La ruota delle meraviglie non è esattamente un’eccezione alla regola. La trama, ambientata a Coney Island e dintorni negli anni Cinquanta, intreccia le vicende di quattro personaggi: Ginny (Kate Winslet), cameriera in un ristorante di pesce con un passato da attrice; Humpty (Jim Belushi), suo secondo marito, giostraio nonché ex alcolista; Carolina (Juno Temple), sua figlia di primo letto, già “pupa del gangster”, che ritorna inaspettata da papà con la coda fra le gambe e due malavitosi alle calcagna; infine Mickey (Justin Timberlake), narratore non esattamente attendibile della storia, bagnino e aspirante drammaturgo, che seduce entrambe le donne, provocando la pericolosa gelosia dell’una e condannando involontariamente l’altra a una brutta fine.

 

Justin Timberlake, Kate Winslet e Juno Temple.

Già da questo stringatissimo resoconto si respira una certa aria di famiglia. La Ginny di Kate Winslet, per esempio, col suo carico di ambizioni frustrate e i suoi rovesci esistenziali, è una sorta di versione proletaria della Jasmine di Cate Blanchett, incluse le strizzate d’occhio a Tennessee Williams (e forse anche al Wilder di Viale del tramonto); mentre il narratore interno che si rivolge direttamente allo spettatore, è una figura ricorrente nel cinema di Allen fin dai tempi di Amore e guerra: correva l’anno 1975.

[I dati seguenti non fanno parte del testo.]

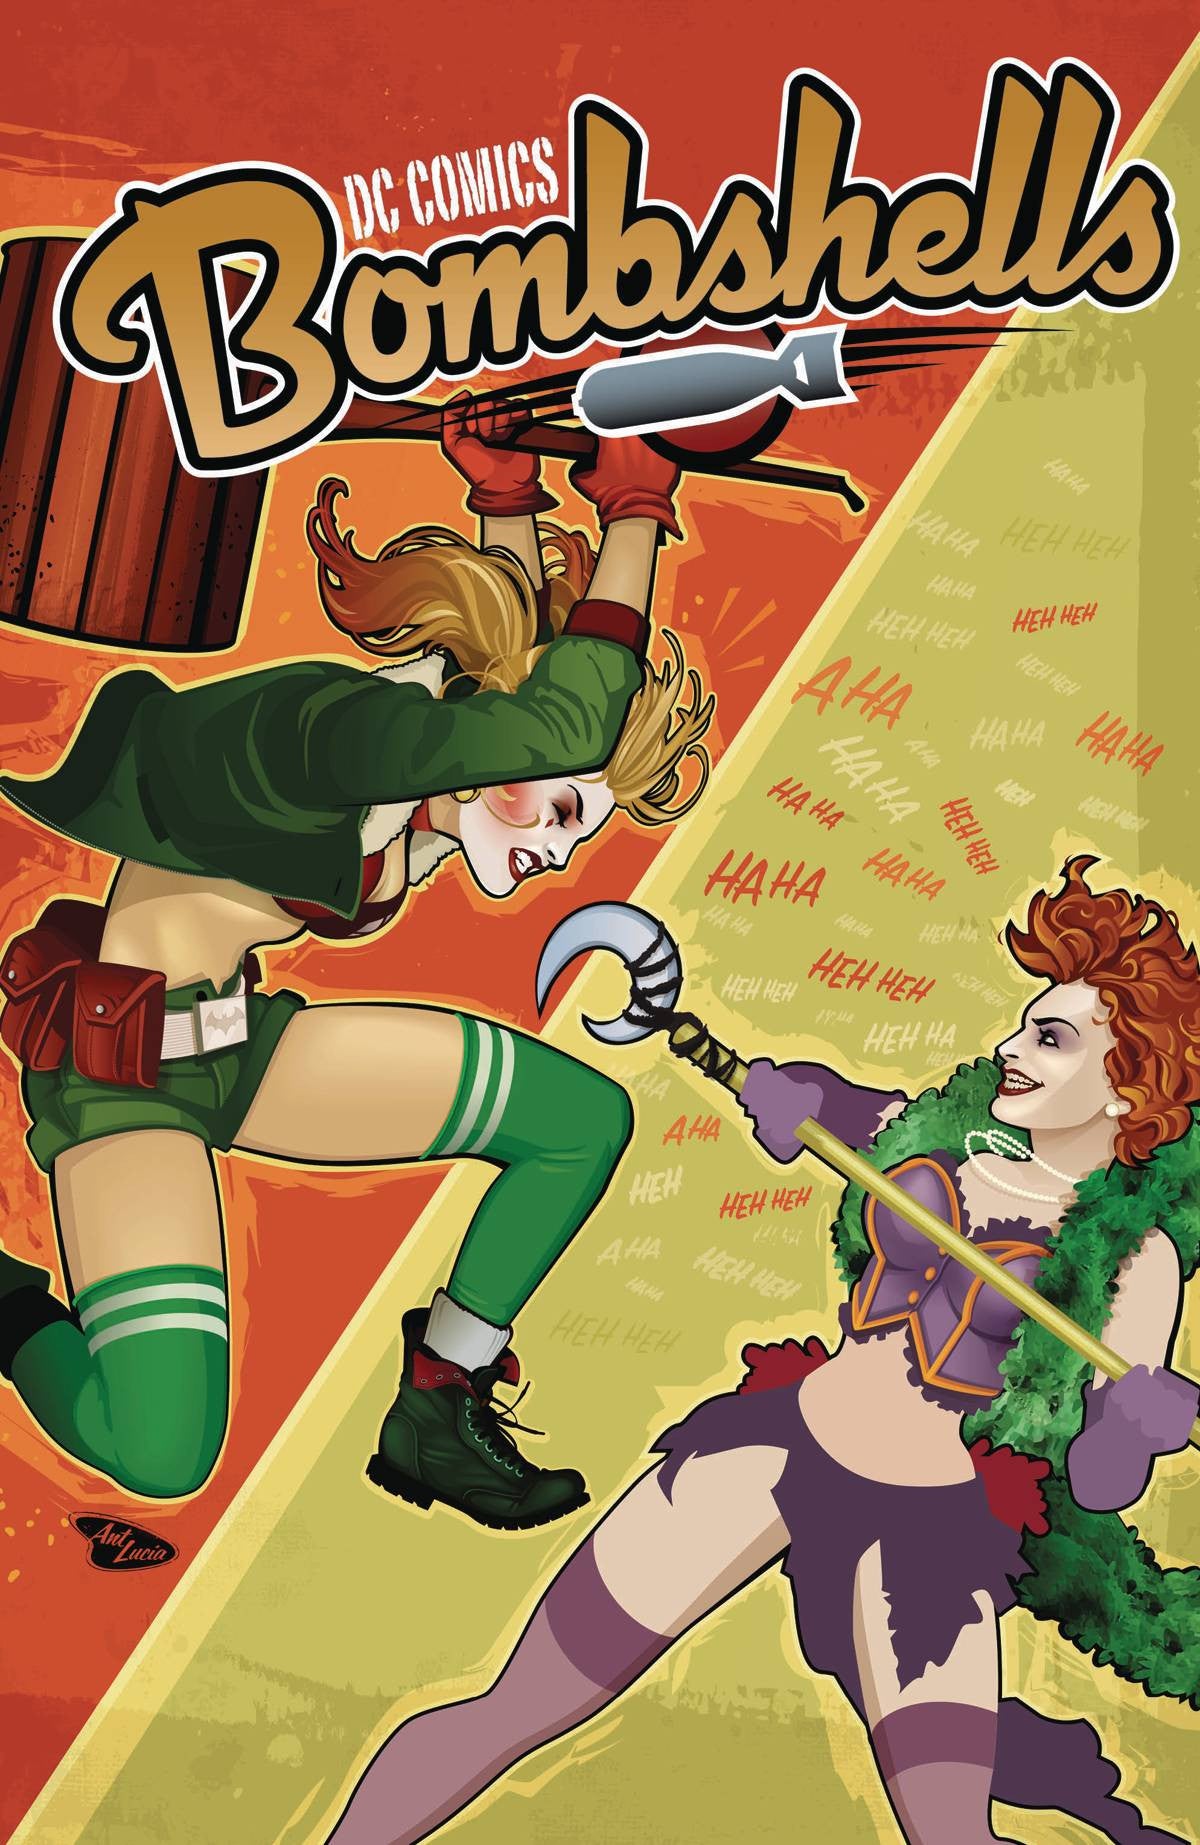 DC COMICS BOMBSHELLS #14 COVER

Anche i temi squadernati dal film sono i soliti: il conflitto fra realtà e illusione, che nutre buona parte della produzione alleniana, a cominciare da un capolavoro come La Rosa Purpurea del Cairo (1985); e la questione della responsabilità morale e del senso di colpa, sulla quale il Nostro è tornato con una consuetudine quasi ossessiva negli ultimi anni, da Match Point a Irrational Man. Il tutto, naturalmente, esposto alla maniera dell’ultimo Allen, cioè riducendo i sottintesi al minimo e dichiarando il tutto a voce spiegata, con didascalica insistenza; di contro, si nota un sempre più frequente (e preoccupante) disinteresse nei confronti della tenuta del racconto, con passaggi rabberciati alla sans façon e svolte narrative risolte in modo spesso meccanico o sciatto.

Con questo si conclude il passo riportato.